As we go to press, the two Literary Societies make a proposition to the Board of Trustees to raise $5000 for a combined library and society building, if the Board will raise a like amount. This proposition will be laid before the Executive Committee at their meeting in Greensboro, Nov. 4.
Reviews.
| G. T. ADAMS, Hesperian, | } |
| } Editors. | |
| D. C. ROPER, Columbian. | } |
The Practical Elements of Rhetoric, with Illustrative Example, By John F. Genung, Ph. D. (Leipsic), Professor of Rhetoric in Amherst College. Boston: Ginn & Company. 1887. pp. xii, 488. Cloth.
This book has two parts, Style and Invention. Part First analyzes style, elements of style, qualities of style, kinds of composition. Of the eight chapters that make up the second half, the first two are devoted to a discussion of the principles that belong to any literary work, and the remaining six to the practical application of them, as seen in the leading forms of discourse. The author attempts to give only the practical elements of rhetoric, and in so doing his supreme effort is directed to the demands of his subject in order to bring out in its fullness what is really beneficial to the student. As old things, in proportion to their living value, need from time to time to be newly defined and distributed, so the author has made a new and admirable division of topics, each of which he introduces with a simple and yet strictly accurate definition. The arrangement of topics and the treatment of the same are, to say the least, fine, and plainly show that the purpose of the author has been very successfully accomplished, both in the expository and in the illustrative matter. Genung’s style is clear and impressive. He has not merely compiled from other authors, but, for the principles laid down, has gone to the true sources, the usage of the best contemporaneous writers, to verify old rules and to lay down new ones. He has by no means tied himself to rhetoric descended from the classics, his practical standard excluding on the one hand, points whose interest is merely speculative, and on the other, discriminations that are only named and defined, without directions looking to use or avoidance. Furthermore, the publishers have done well their part, using every artifice to place the treatise clearly before the student. It is to be regretted, however, that a word and phrase index was not added to the other indexes.

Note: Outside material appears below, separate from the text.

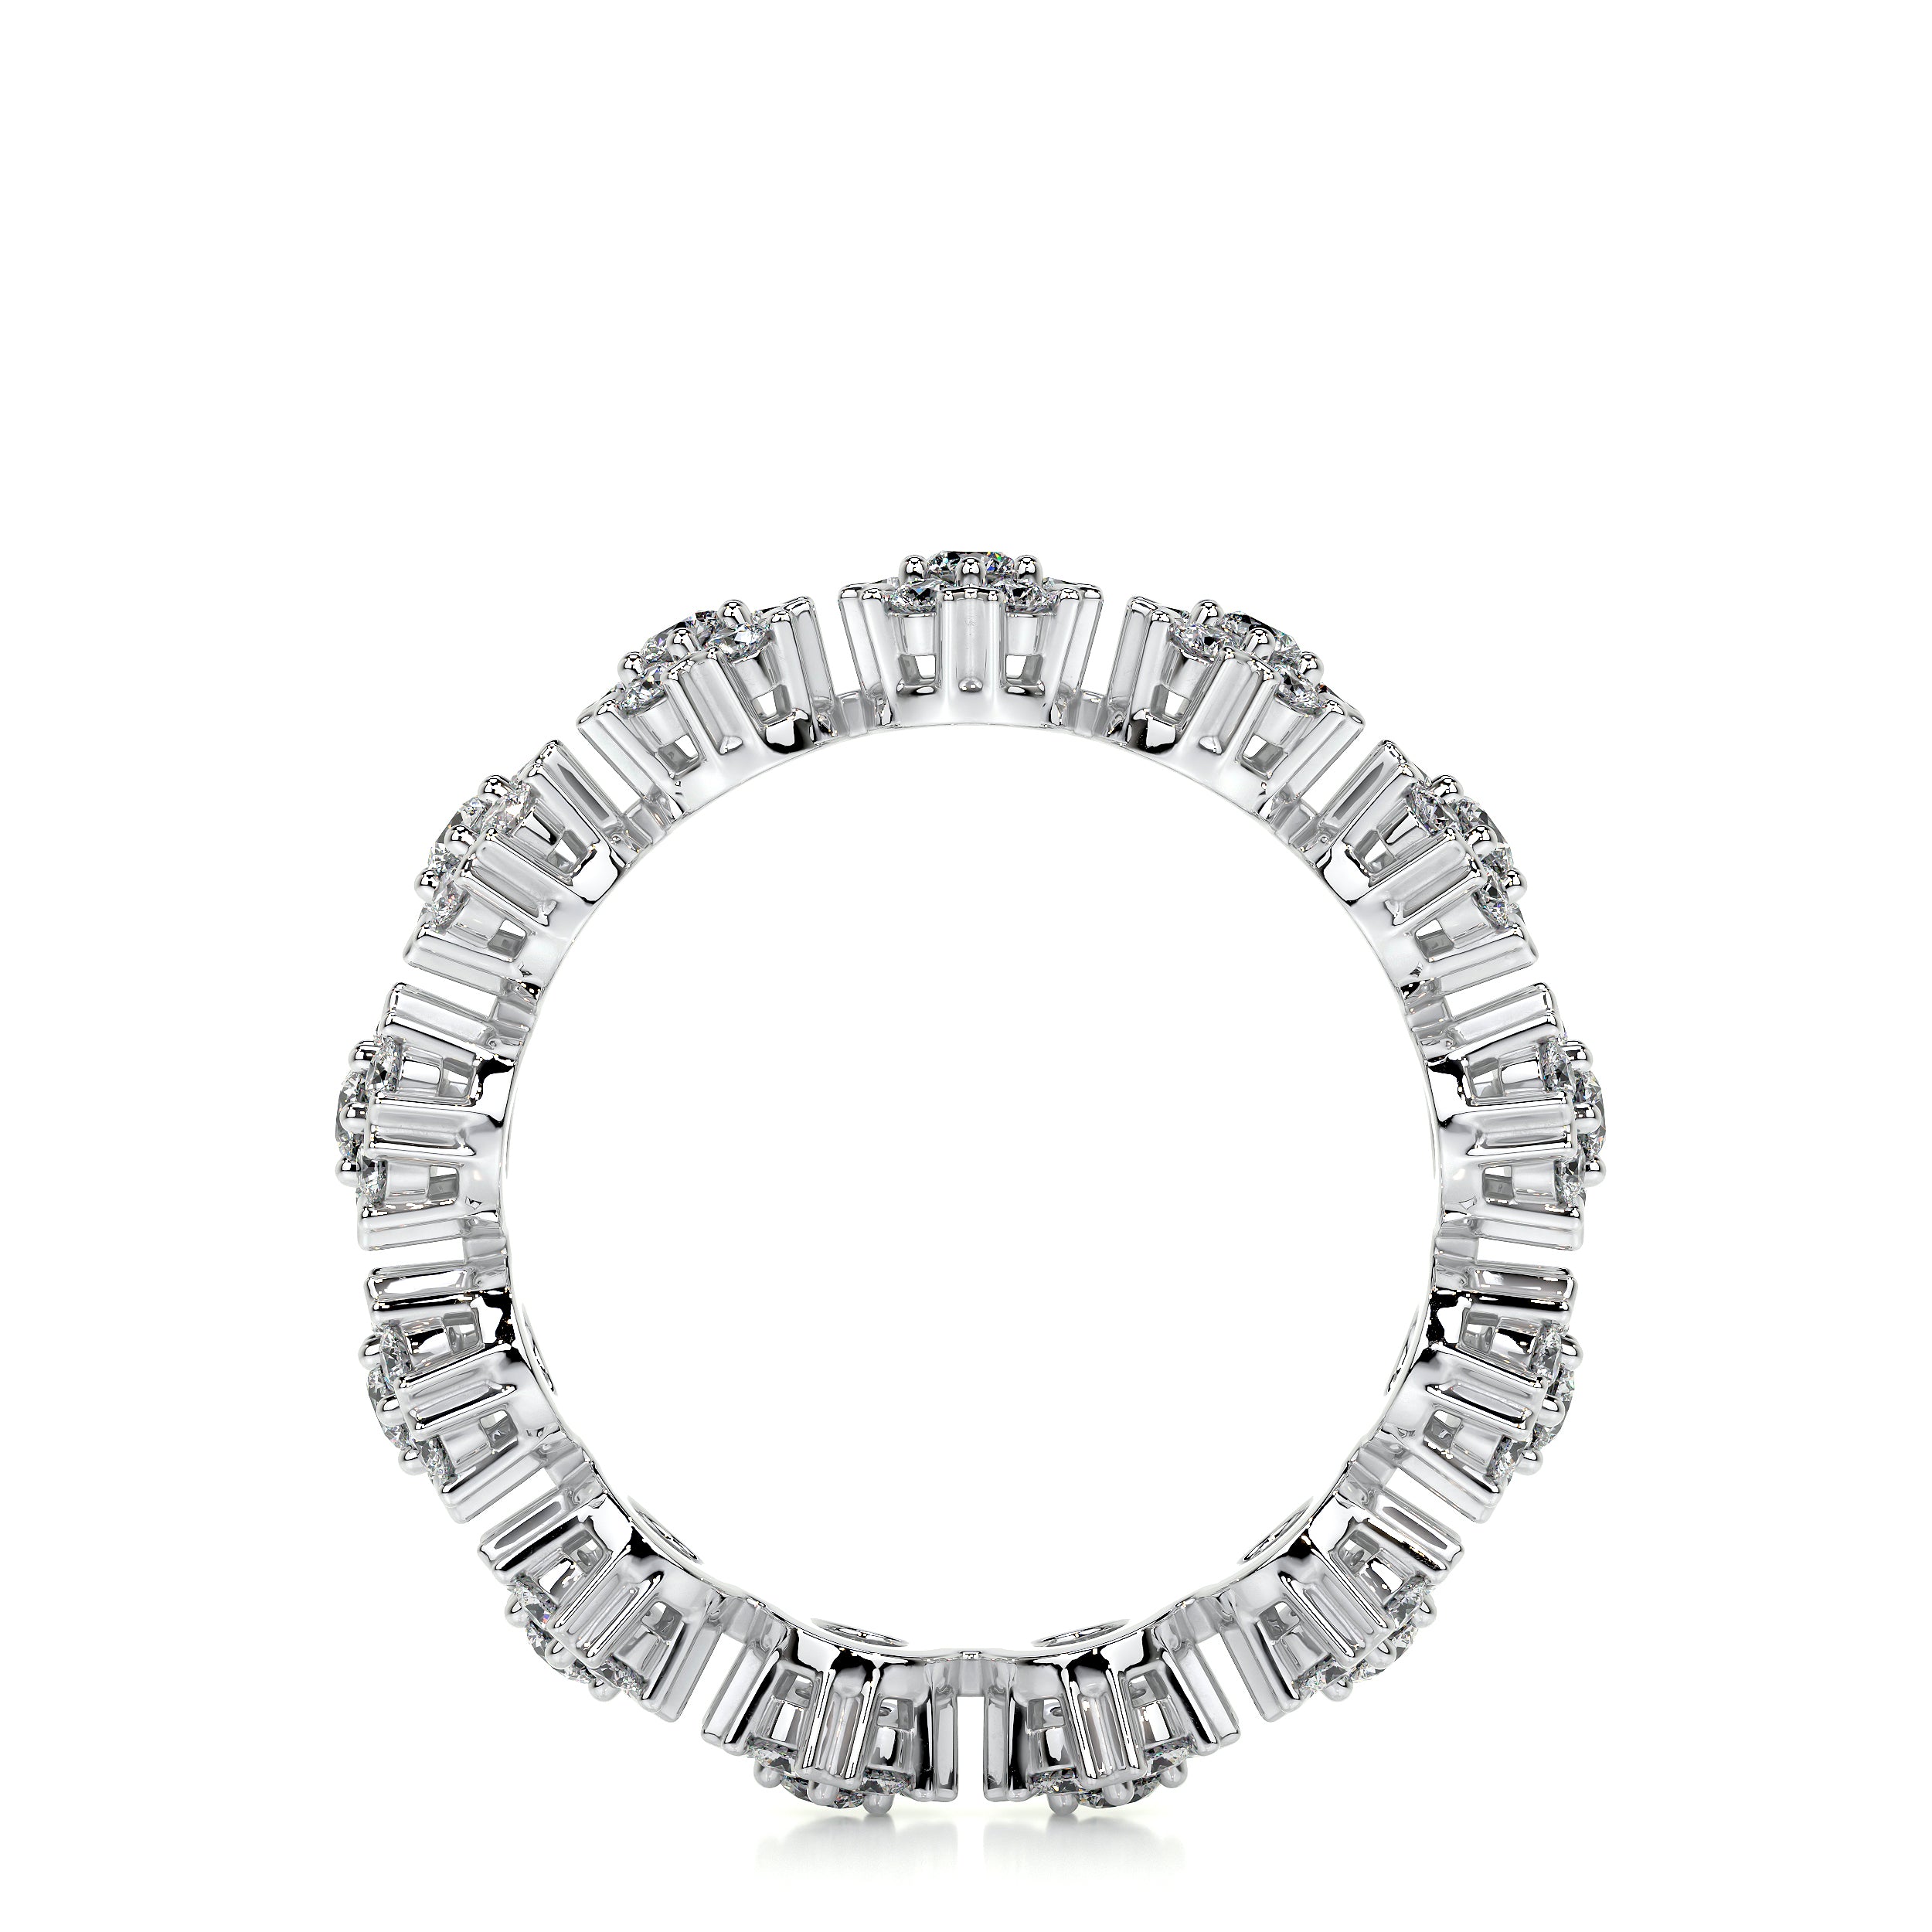 Holly Lab Grown Diamond Wedding Ring   (1 Carat) -Platinum

A German Grammar for schools and colleges based on the Public School German Grammar of A. S. Meissner, M. A., Ph. D., D. Lit. By Edward S. Joynes, M. A., Professor of Modern Languages in South Carolina College. Boston: D. C. Heath & Co., 1887. pp. ix, 322.
While the author has based his work upon that of Meissner, he has by no means slavishly followed that Grammar, but has greatly extended the syntax so as to suit the higher schools. In doing this, Prof. Joynes has consulted the standard grammars of Whitney and Brandt, and has received the aid of distinguished scholars. The subjects are excellently arranged, the rules briefly worded, but clearly and accurately expressed. There is nothing superfluous. It is to be regretted, however, that Prof. Joynes did not see fit to treat more fully the prepositions; for many dictionaries, especially such as the student can own, are incomplete in this very regard. A discussion, therefore, of the prepositions with a list of their constructions arranged for reference would be of incalculable value to the student. This Grammar is already having a run and will prove itself a formidable rival to those in the field. Last but not least, the part intrusted to the publishers has been admirably executed, leaving in typography nothing to be desired.